In der Mitte des Sees bringt eine archaisch anmutende lärmende Maschinerie die Pelose an die Oberfläche. Bis in die 80er-Jahre mussten die Männer die sogenannten Steckkästen noch mit langen Handstangen auf den Grund stoßen und mit der Handwinde nach oben ziehen. Das war Knochenarbeit. Die heutige Technik ist zwar moderner, angetrieben von einem Elektromotor, wirkt aber trotzdem wie ein Relikt aus Uropas Tagen. Mit lautem Rasseln gleiten die unten offenen Förderkästen in den See, durchdringen dabei eine zwei Meter dicke Faulschlammschicht und kommen in sechs bis acht Meter Tiefe zum Stillstand. Auf Knopfdruck schließen die blechernen Bodenklappen automatisch.

Nach etwa einer Minute tauchen die Behälter, gefüllt mit zweihundert Kilo grau-blauem Pelose-Schlamm wieder auf. Die geruchsneutrale Masse von der Konsistenz erdfeuchten Zements besteht aus Resten von abgestorbenen Kieselalgen, Pflanzen, Muscheln, Schnecken und auch anorganischen Bestandteilen. Von mikrofeiner Struktur, cremeartiger Plastizität oder sammetartiger Weichheit des Binnenseeschlamms vom Typ Gyttja ist im Firmenprospekt die Rede.

Pelose-Schollene Sachsen-Anhalt Altmark

Blick über den „Silbersee“ von Schollene

Pelose-Vorrat reicht noch mehrere Generationen

Über ein Förderband klatscht die Pampe in Stahlkisten auf dem kleinen Schubboot neben dem Förderfloß. „Je nach Bedarf fahren wir ein oder mehrmals in der Woche raus. Im Winter leben wir von den Vorräten in der Halle“, sagt Repp. Dieses Jahr war der See lange zugefroren. Trotzdem musste kein Kunde auf seine Pelose-Bestellung warten. Das handgeschmiedete Förderfloß, ständig von Möwen umschwirrt, ist an langen Stangen vertäut, die anzeigen, aus welchem Teil des Sees bereits Pelose gefördert wurde. Der Vorrat reicht nach Auskunft von Geologen für mehrere Generationen. „Und irgendwann dringt man mit einer neuen Fördereinrichtung in größere Tiefen vor. Da liegen noch weitere ungehobene Schätze“, ist sich Produktionsleiter Repp sicher. Er steuert das Boot wieder Richtung Hafen, gefolgt vom Konvoi mit den voll beladenen Stahlbehältern. Nur die Boote der Firma Pelose dürfen auf den mitten im Naturschutzgebiet befindlichen See fahren.

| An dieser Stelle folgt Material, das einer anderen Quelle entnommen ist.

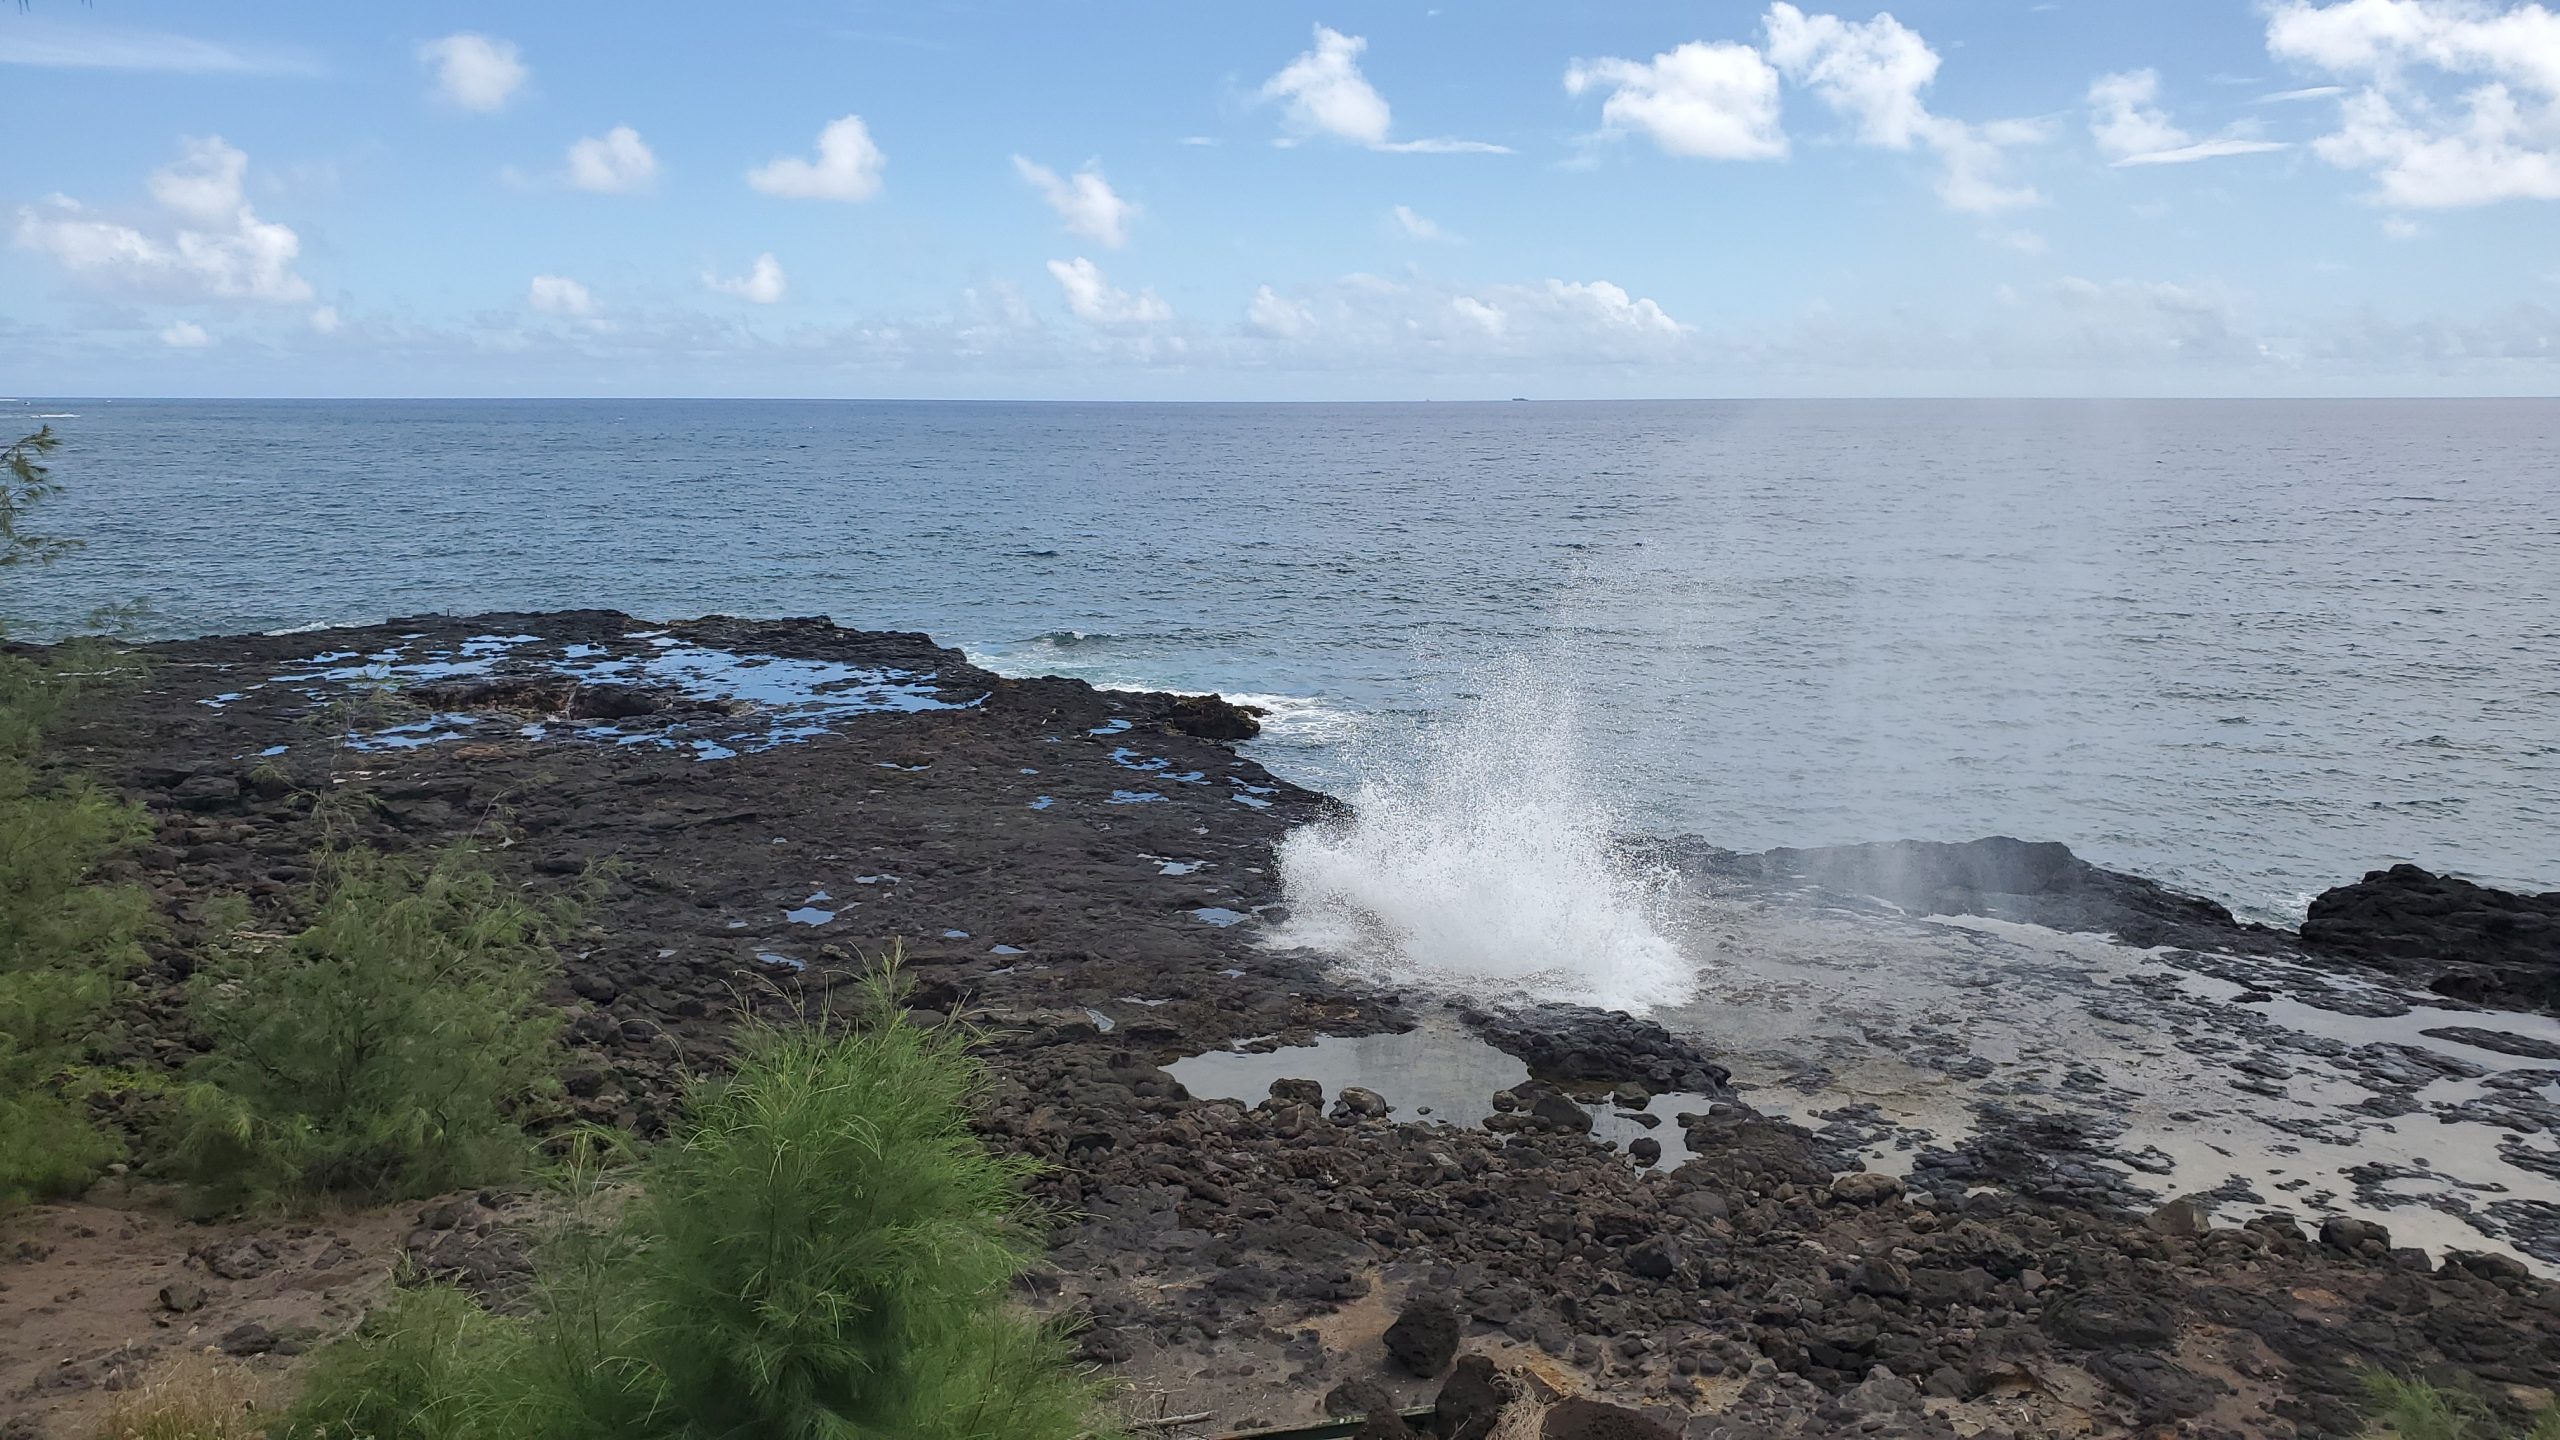 Spouting Horn in Kauai

Pelose-Schollene Sachsen-Anhalt

Das Floß mit Pelose auf dem Weg in den Hafen Foto: Weirauch

Wissenschaftlich erforscht

1931 war die Heilkraft des Schlammes Thema einer wissenschaftlichen Tagung in Bad Elster. Der Geologe Prof. Robert Potonié definierte damals Pelose als den „Idealtypus eines deutschen Naturheilschlammes“. Vom Schering-Konzern wurde die Pelose wenig später auf die medizinische Wirkung hin untersucht. Die Wissenschaftler bestätigten den Wert des Schlamms. Tourismus-Prospekte werben mit der Pelose als „einzigartiger Besonderheit unter den Binnenseen Mitteleuropas“. Oft hat Repp Ärzte und angehende Physiotherapeuten mit auf den See genommen. An manchen Stellen steht das Wasser nur einen halben Meter hoch. „Und darunter liegt erst einmal Faulschlamm, der, wird er aufgewirbelt, Methangase freisetzt. Dann riecht es faulig“, so Repp. Davon merkt der Patient, der mit der Pelose im Badewasser oder als wärmende bzw. kühlende Kompresse in Berührung kommt, aber nichts mehr.

Kompressen können bis zu zehn Mal angewendet werden

Für eine Packung wird die Pelose auf bis zu 55 Grad Celsius erhitzt und dann großflächig auf die zu behandelnden Körperzonen aufgetragen. Angeboten werden auch Kompressen, die man bis zu zehnmal selbst anwenden kann. Möglich ist auch ein Vollbad.